We next hear of the Talaton children in May 1946, when they were the subject of an inquiry by the Board of Deputies. The reason for such high-level interest was the much publicised report that three of the children had been baptised. The RCM held back from giving evidence, but it is clear from the main findings of the inquiry that Dorothy Hardisty's recommendations had received, at best, a half-hearted follow-up. The Board of Deputies did not criticise the foster parents, who were described as ‘devoted Christians and regular church attendants', but had harsh words for the local Jewish community, small as it was, for the failure to ‘follow up the cases at the relevant time'. It is difficult not to conclude that it would have been an unequal battle.
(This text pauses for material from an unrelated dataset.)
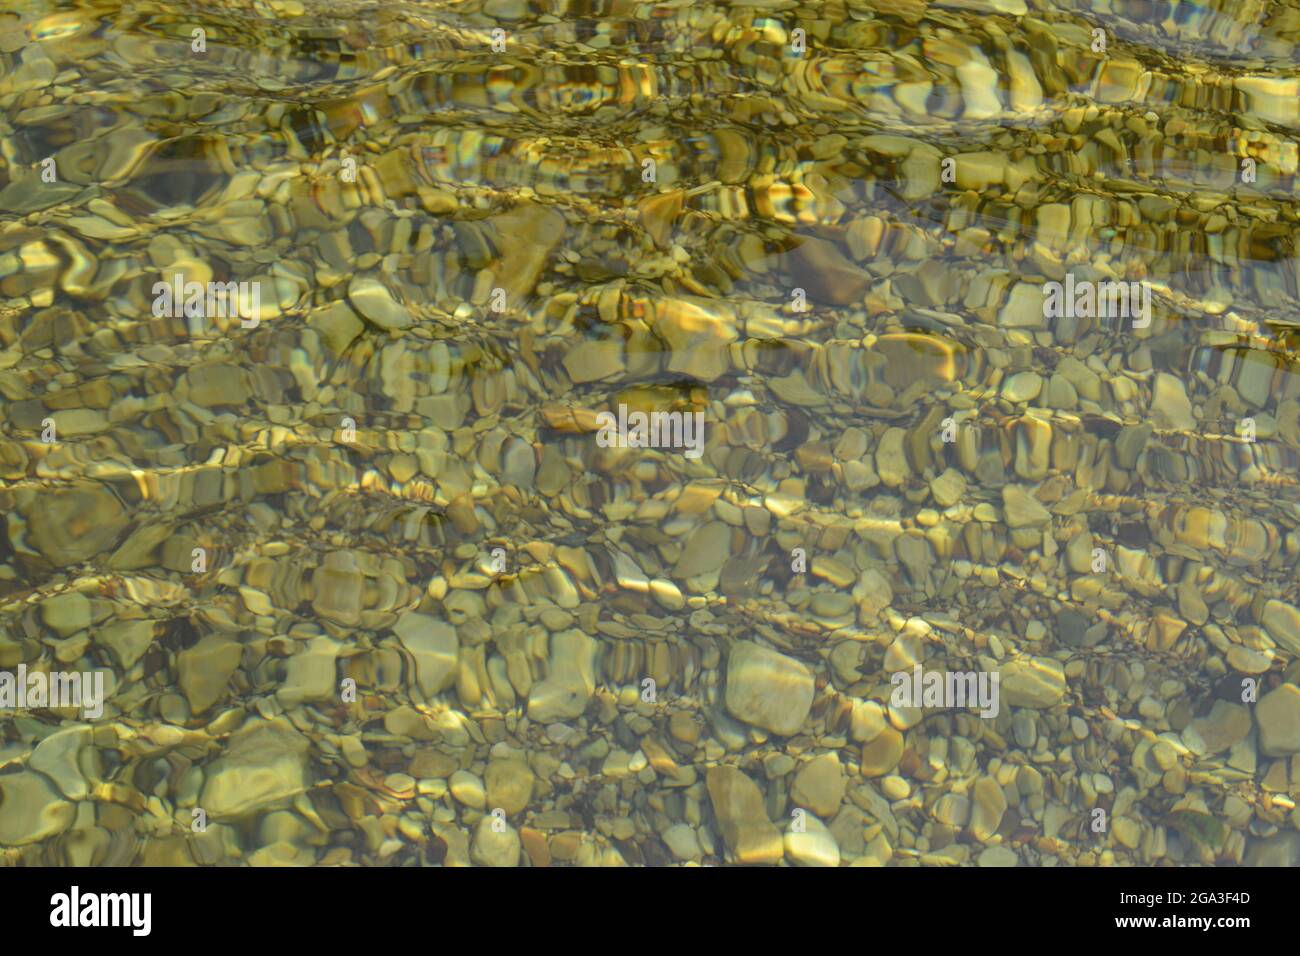 Transparentes Wasser mit runden Steinen auf einem Flussbett, das die Bewegung des Wassers darstellt. Capitolio, MG, Brasilien Stockfoto

The chances of transferring young people to Jewish hostels were greatest when foster parents set about inculcating Christian values with a sledgehammer. Thus Edgar was only too happy to depart from a Methodist family who ‘insisted on him attending church on Sundays three times, and various weekly meetings'. But Ursula had no wish to leave her Christadelphian foster mother, even though she did have to go to Sunday school. Everything else about her home she liked very much and, according to one RCM visitor, she was ‘well instructed in the Jewish religion'.

Orthodox critics were liable to generalise. All Jewish children who shared a home with a Christian family were at risk, they argued; but they were frequently proved wrong, as in the case of Paul Kohn who was taken in by a Strict Baptist minister.

The Rev Morton and his wife had no children of their own. They lived at ‘The Manse', a few doors away from the Zion Chapel. Our new home was a modest house with narrow, rickety stairs to our bedroom, a small kitchen and scullery, a breakfast room, and the study where Mr Morton, as we were told to call him, would read, write and edit
Cheering Words
, a publication posted to all Strict Baptist congregations in the country, smoke his pipe and occasional cigar and play chess with me …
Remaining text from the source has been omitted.